My Fifth and Sixth Horses
My 5th Horse
While going through all my picture albums, I’ve discovered that I only have one picture of horse number five, a flighty grey Arabian, whose name I can’t even remember. The reason for that is because I only had the horse on a two-week trial basis (about 35 years ago after we moved to the outskirts of Middleburg, PA), and she only lasted two weeks. Why?
This horse, a pretty little thing, was fine to saddle and bridle, fine to walk beside and fine to ride around the barn. BUT … the minute I tried to take her any distance away from the barn, she would balk and rear up on her hind legs. It only took me one tumble off her back to realize this horse needed some work, and I wasn’t the one to do it, so she went back to its owner. It was a shame she didn’t work out for me because she was a very attractive mount, but she was headstrong; thus, she was no good as a trail horse at all.

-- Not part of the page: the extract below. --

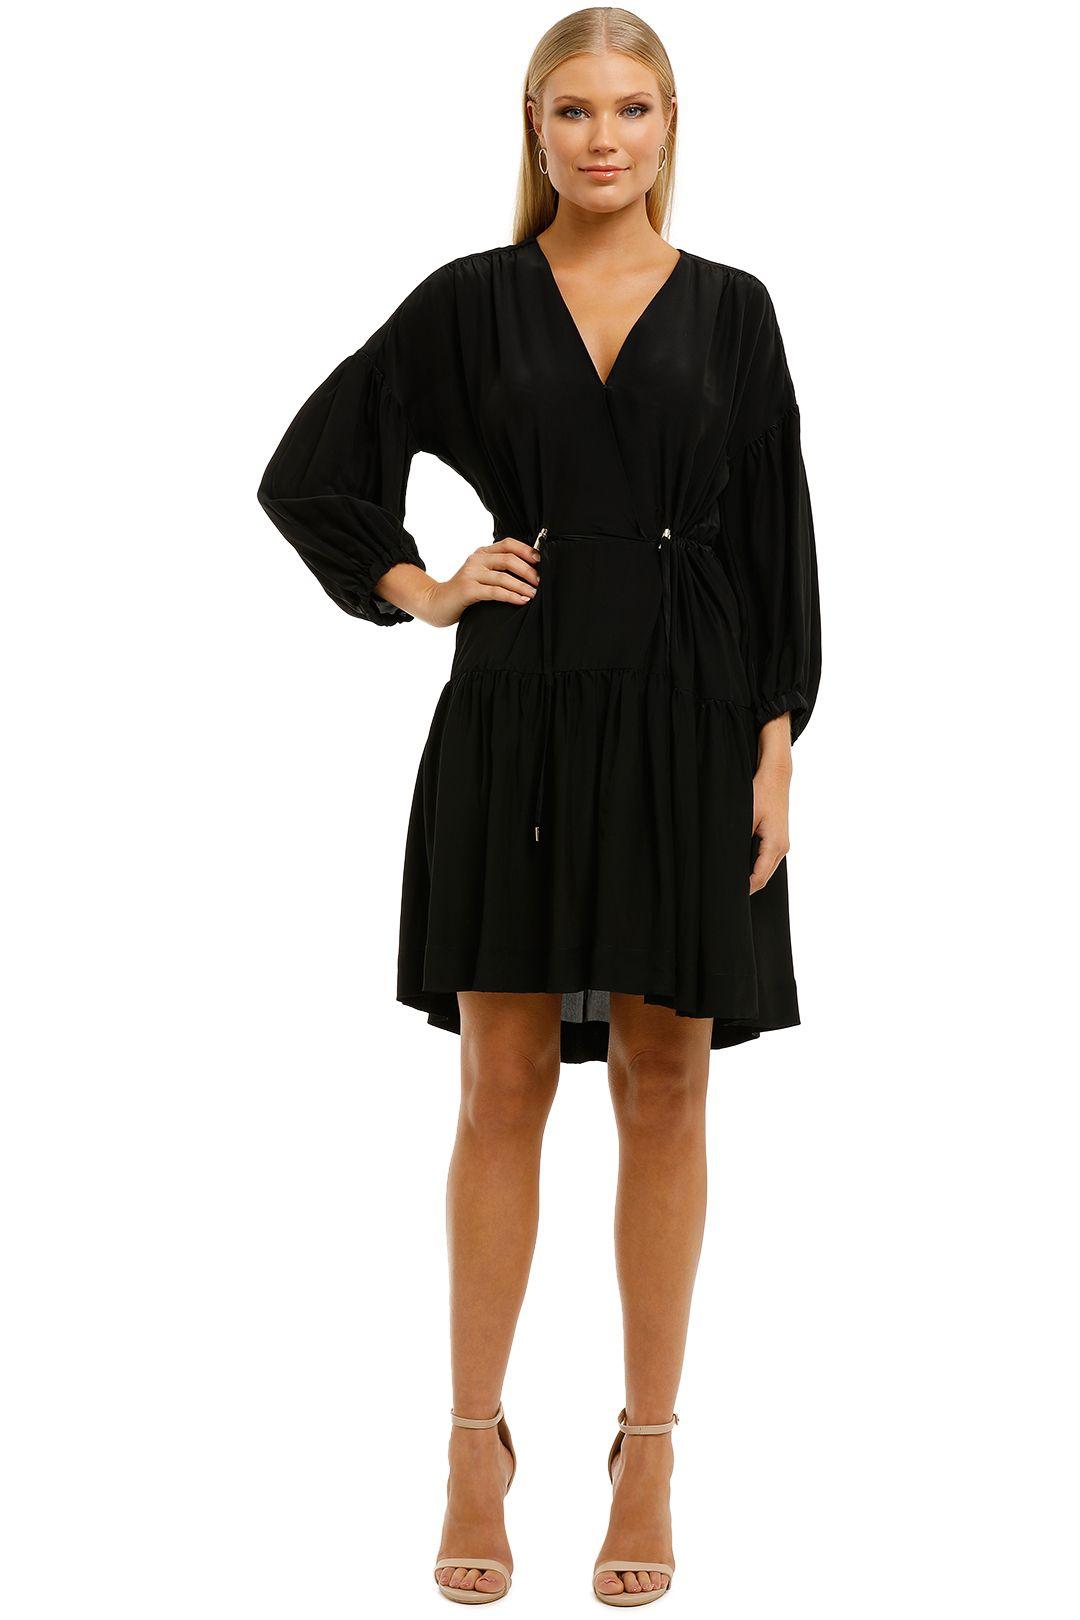 Ginger-and-Smart-Whisper-Dress-Black-Front

My sixth horse was a nice looking black Tennessee Walker gelding. I remember his name, Chico, but I don’t even have one picture of this horse. Why?
Well, this horse was another two-week trial fluke.
Was he pretty as a picture? Yes.
Did he stand to take his tack and let me clean his hooves? Yes.
Was he easy to ride? Yes!
“Well, then, what was the matter?” you might ask.
The first time I rode this horse, everything went as smooth as silk. We had a great time out on the trail. When I got back to the barn, I unbridled him and tied him so I could unsaddle him. I loosened the cinch and walked around the back of him, about four feet from his rump (as I had always been taught to do), and BAM! This old boy, for no reason at all, landed a kick on my hip that, if I had been closer, could have done serious damage. Even at that distance away, he gave me a good wallop, which turned into quite a huge black, yellow, and purple hematoma over the next few weeks.
Well, enough of that. I immediately called his owner, who immediately asked, “Did he kick you?” (Surprise, surprise!) The next weekend, the black Walker, unridden after that, went back to his owner, and I was horseless once again and horse hunting for one or two good mounts.
The plain horse fact to learn from all these horse stories is that you never know what kind of a horse you are buying. He/she might look good on foreign territory, he might be pretty as a picture, and his/her owner might sell you a good line. So, when you find one you like, get the horse on a trial basis with the option to return him/her if the horse has dangerous patterns of behavior. And make sure the deal includes your getting all your money back.